I recently attended a seminar on advanced instrumentation, where algorithms were heavily featured. The project pitches heavily emphasised implementation rather than analysis and design, which started an interesting discussion, and led me to think about providing some hints that we’ve successfully used over the years:
1. What do we want to achieve? This is perhaps obvious, but I’ve seen that many people do over look this step and jump into Matlab or C in order to try something out. I would urge some caution here, and suggest that you think very carefully about what you’re about to undertake before writing a single line of code. Don’t be afraid to ask your colleagues/network for advice, as their suggestions may save you months of development time. Also consider using established techniques such as, MoSCoW.
2. The specifications: After establishing the ‘big picture’, split up the specifications into ‘must haves’ and ‘nice to haves’. This may take some time to work out, but undertaking this step saves a considerable amount of time in the development process, and keeps the client in the loop. The specifications don’t need to be 100% complete at this stage (they’re always minor details to be worked out), but make sure that you’re clear about what you’re about undertake, and don’t be afraid to do some analysis or short experiments if required.
3. Algorithm design: Sketch out the algorithm’s building blocks (Visio is a good tool), and for each idea produce a short list of bullets (pros and cons) and computational complexity. This will allow you easily review each concept with your peers.
4. Test data: arrange for some test vectors data (from clients or design some of your own synthetic signals), and sketch out a simple test plan of test vectors that you aim to use in order to validate your concept.
5. Development: Depending on your programming ability, you may decide to implement in C/C++, but Matlab/Octave are very good starting points, as the dynamic data types, vector math and toolboxes give you maximum flexibility. Use the testplan and vectors that you’ve designed in step 4. However, in the case of how to best design your algorithm for streaming applications, I would say that many aspects of the algorithm can be tested with an offline (data file) approach. For a majority of our radar and audio work, we always begin with data file comprised of 10-30seconds worth of data in order to prove that the algorithm functions as expected. Subsequent implementation steps can be used to make the algorithm streaming, but bear in mind that this may take a considerable amount of time!

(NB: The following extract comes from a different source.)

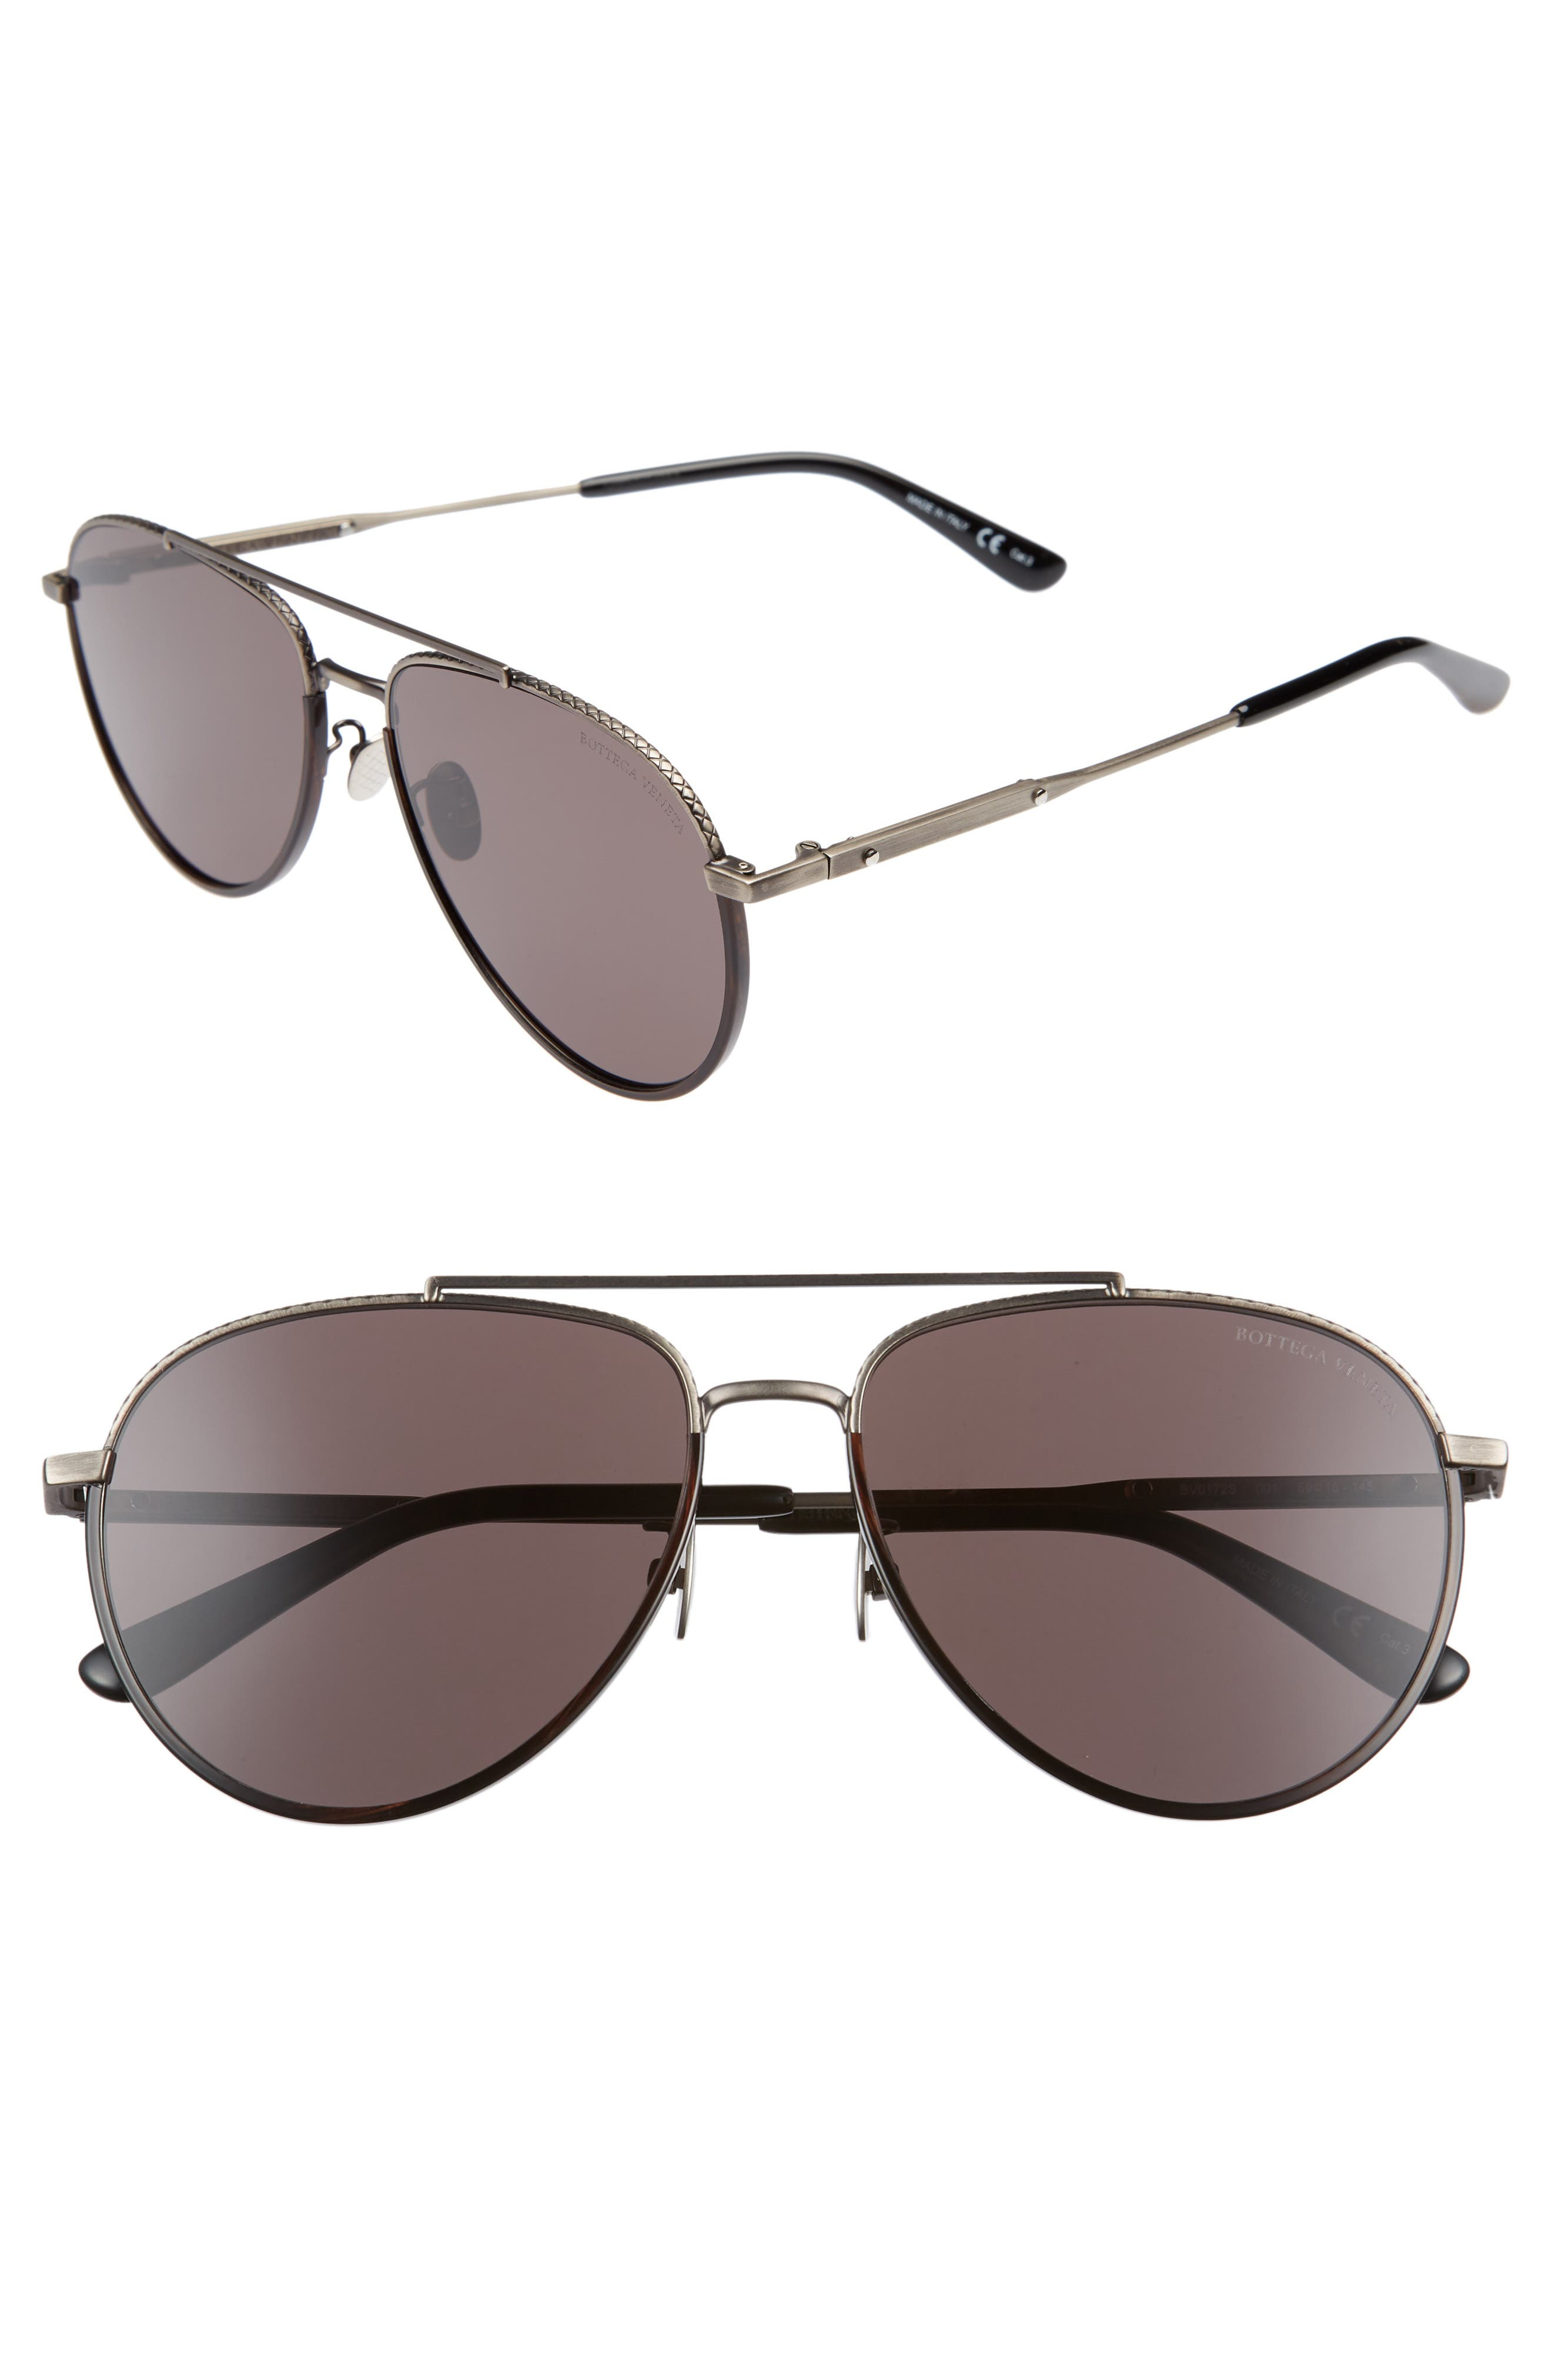 59mm Aviator Sunglasses,                         Main,                         color, SILVER/ BLACK

6. Avoid a quick fix! Depending on the complexity of your algorithm, there will be certain testvectors that degrade the performance of your algorithm or even cause it to completely fail. Allocate sometime to investigate this behaviour, but remember to prioritise the importance, and don’t spend months looking for a minor bug. Try and avoid looking for a quick fix or a patch, as they generally re-appear in the future and kick you up the backside.
7. Implementation: after verifying that your concept is correct, you can finally consider target implementation. This step couples back to the previous steps, as the algorithm complexity will have direct influence on the implementation platform and development time. Some good questions to ask yourself: Is the target platform embedded? In which case, do I need an FPGA, DSP or microcontroller? Will it be fixed point or floating point? Perhaps it will be PC based, in which case is it for Windows, Linux or Mac or for a tablet? What tools do you need in order to develop and test the algorithm?
8. Validation: Verify that your implemented algorithm works with your test vectors and that look for any difficult cases that you can find – remembering point 6.
9. Documentation: In all of the aforementioned steps, documentation is essential. Make sure that you document your results, and provide a paper trail such that a colleague can continue with your work if you get hit by a bus.